Je travail dans un casino à Londres depuis quelques années et j'ai envie de me reconvertir et travailler dans un apple store. Le contact avec des clients très exigeants et parfois difficiles est qqch avec lequel je suis habitué.

Deux problèmes qui n'en sont peut être pas et j'ai besoin d'avis extérieur :

- mon parcours scolaire a été très chaotique (je n'ai qu'un BEP vente en poche)

- je n'ai eu aucun produit apple depuis 3 ans (j'ai oublié mon MacBook dans un bus et cassé mon iphone)... Autant vous dire que ça calme quand on est jeune. 

Cela ne m'empêche pas d'avoir acquis de solides connaissances sur l'histoire et la philosophie Apple et bien entendu je regarde et lis beaucoup de tests sur leurs produits. Je me tiens informé sur toute l'actualité high tech sans pour autant être un gros consommateur.

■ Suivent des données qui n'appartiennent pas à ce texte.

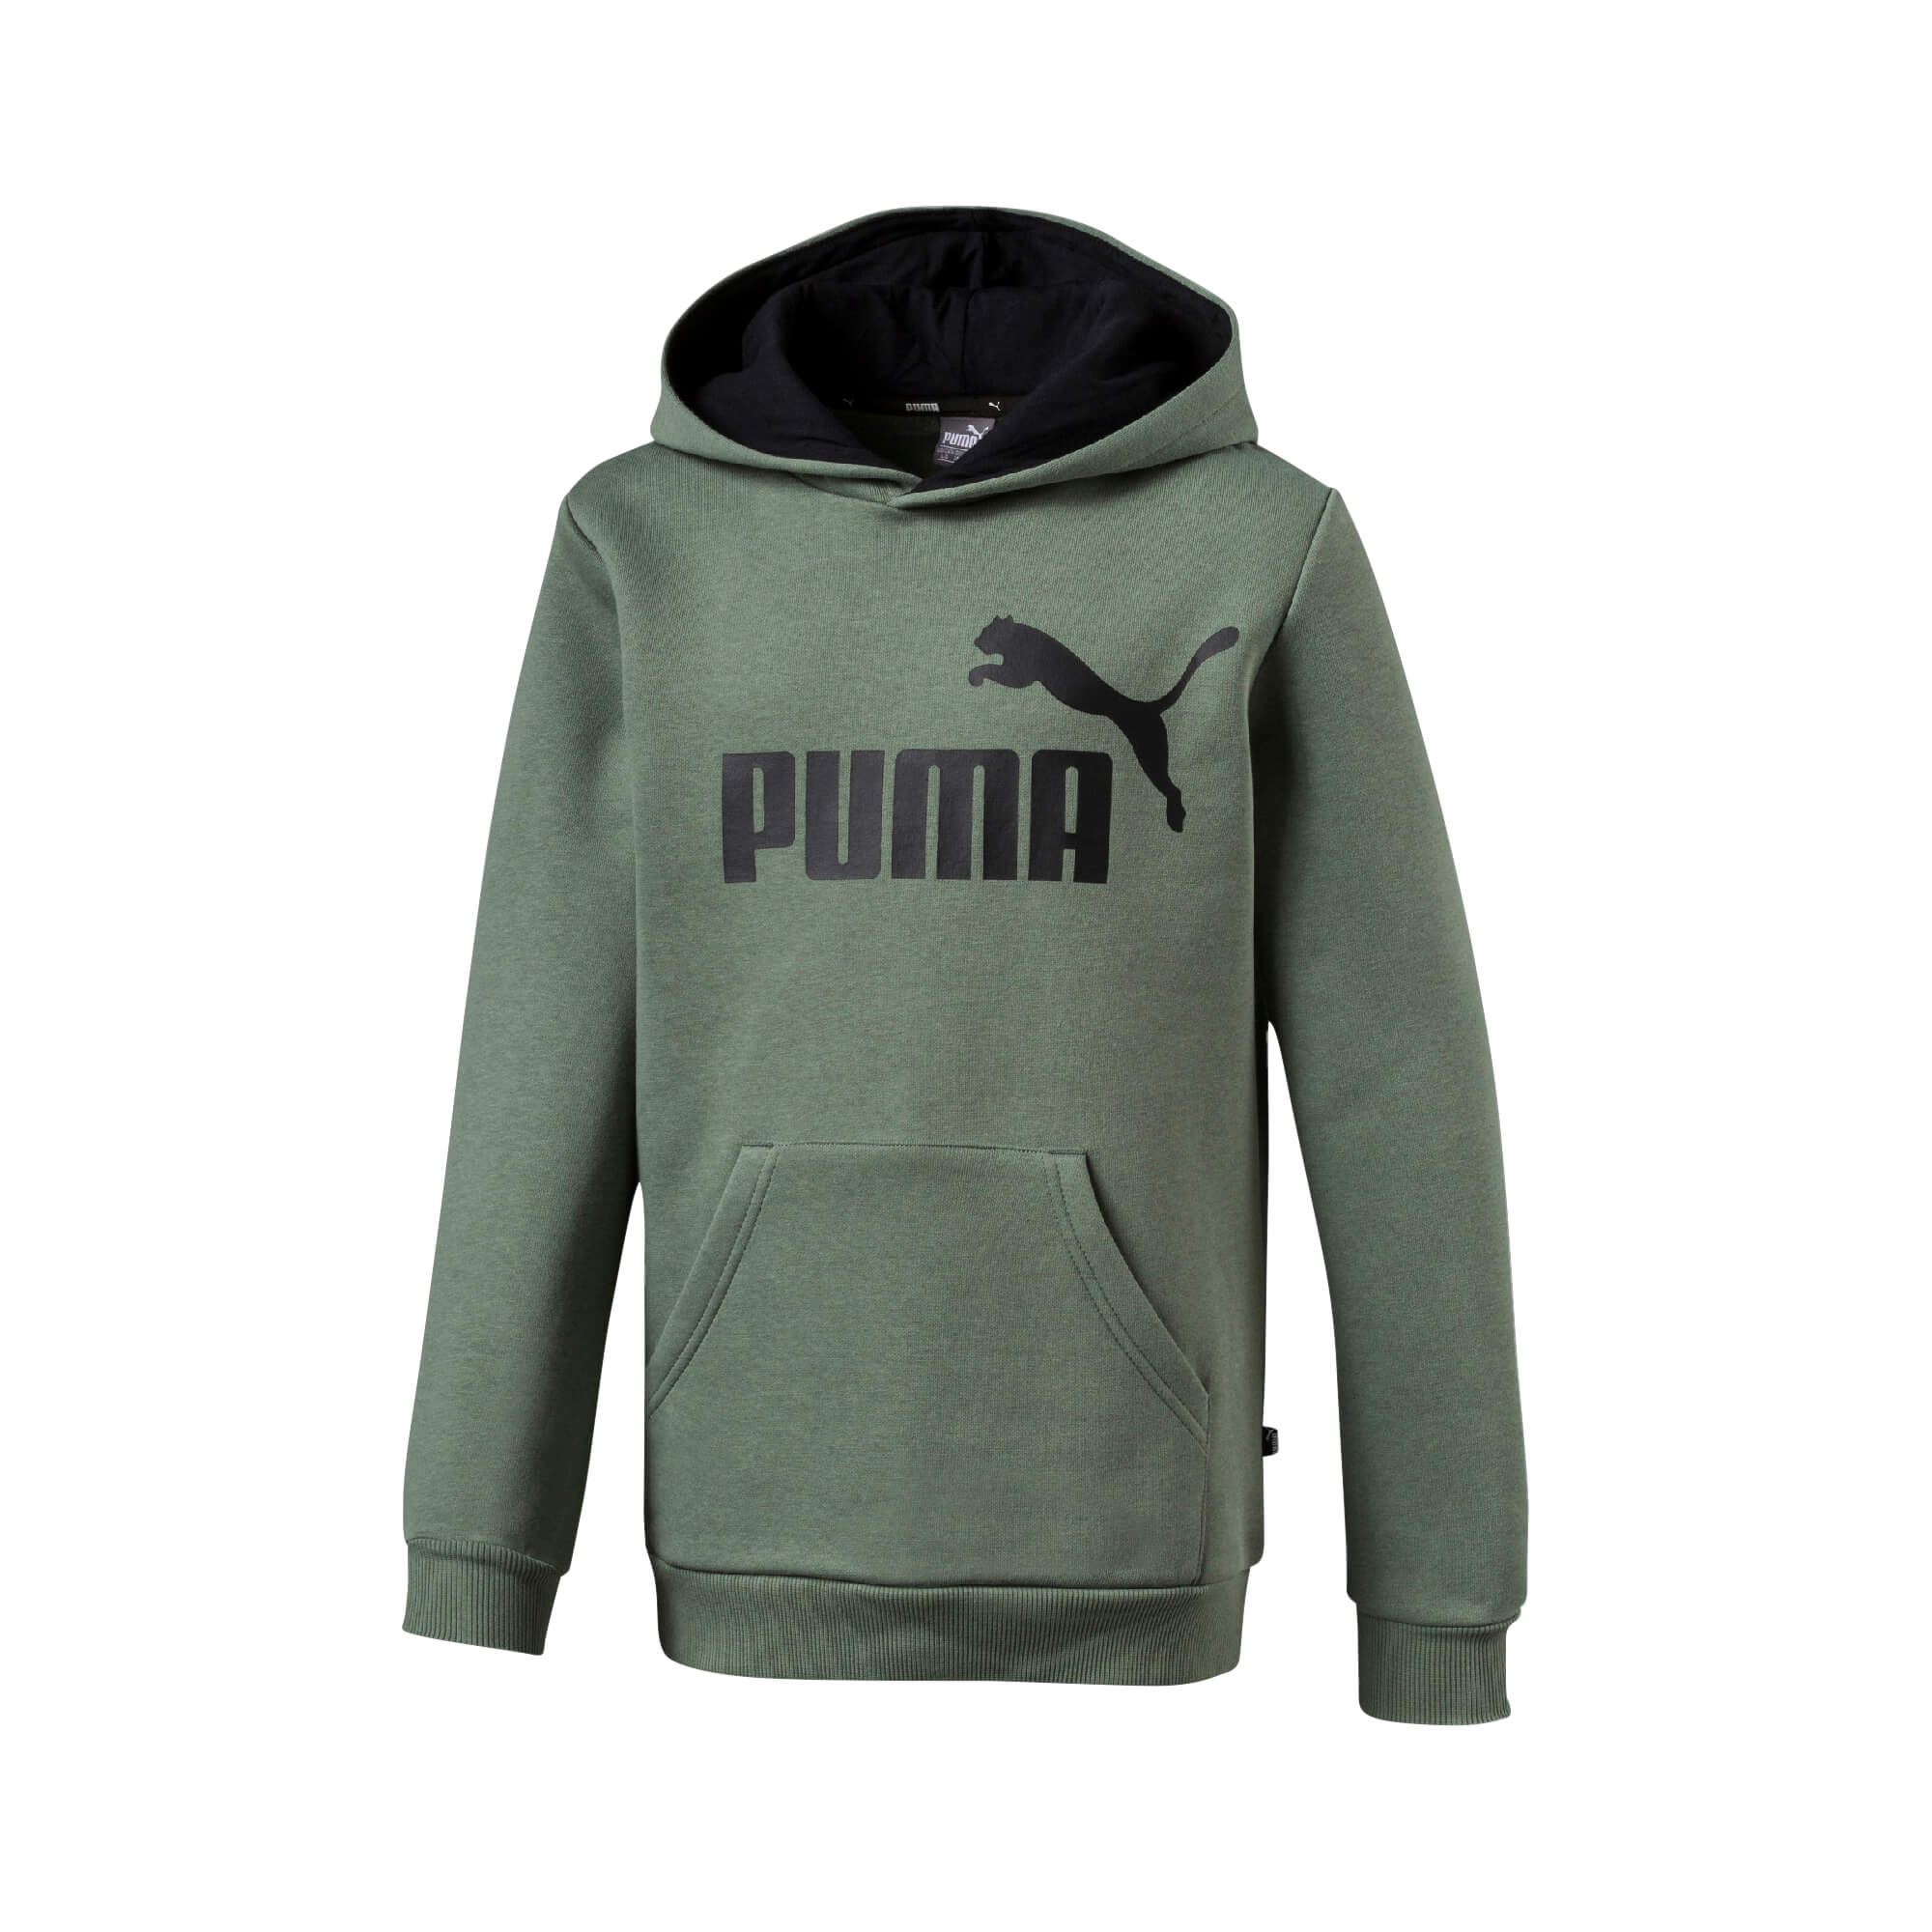 7ee4a2a577a2 Puma Dječji pulover Olivna 140 ESS Logo Hoody - Jeftinije.hr

Y-a-t-il des vendeurs apple store dans le coin qui pourraient me parler de leur expérience et si ils ont des collègues non diplômés?

merci ;


----------



## moderno31 (23 Mai 2020)

Hello
Lance toi si tu y crois. Par contre, la connaissance du produit ne suffit pas. Pour moi un apple store va chercher à te faire faire un peu tout donc faut attaquer techniquement. Connaitre l'histoire d'apple c'est bien beau mais ça fait pas tout. Encore une fois, si tu as l'opportunité, fonce ! Personne ici sur ce forum ne te connais suffisamment pour bien te conseiller.


----------



## Jura39 (23 Mai 2020)

Il serait intéressant de connaitre les critères de recrutement des vendeurs Apple .


----------



## Lio70 (23 Mai 2020)

Je ne sais pas dans quel casino tu travailles ni dans quel Apple Store tu envisages d'aller, mais si tu passes de Leicester Square à Regent Street, la clientèle ne sera pas foncièrement différente et c'est déjà un point essentiel que tu connais.


----------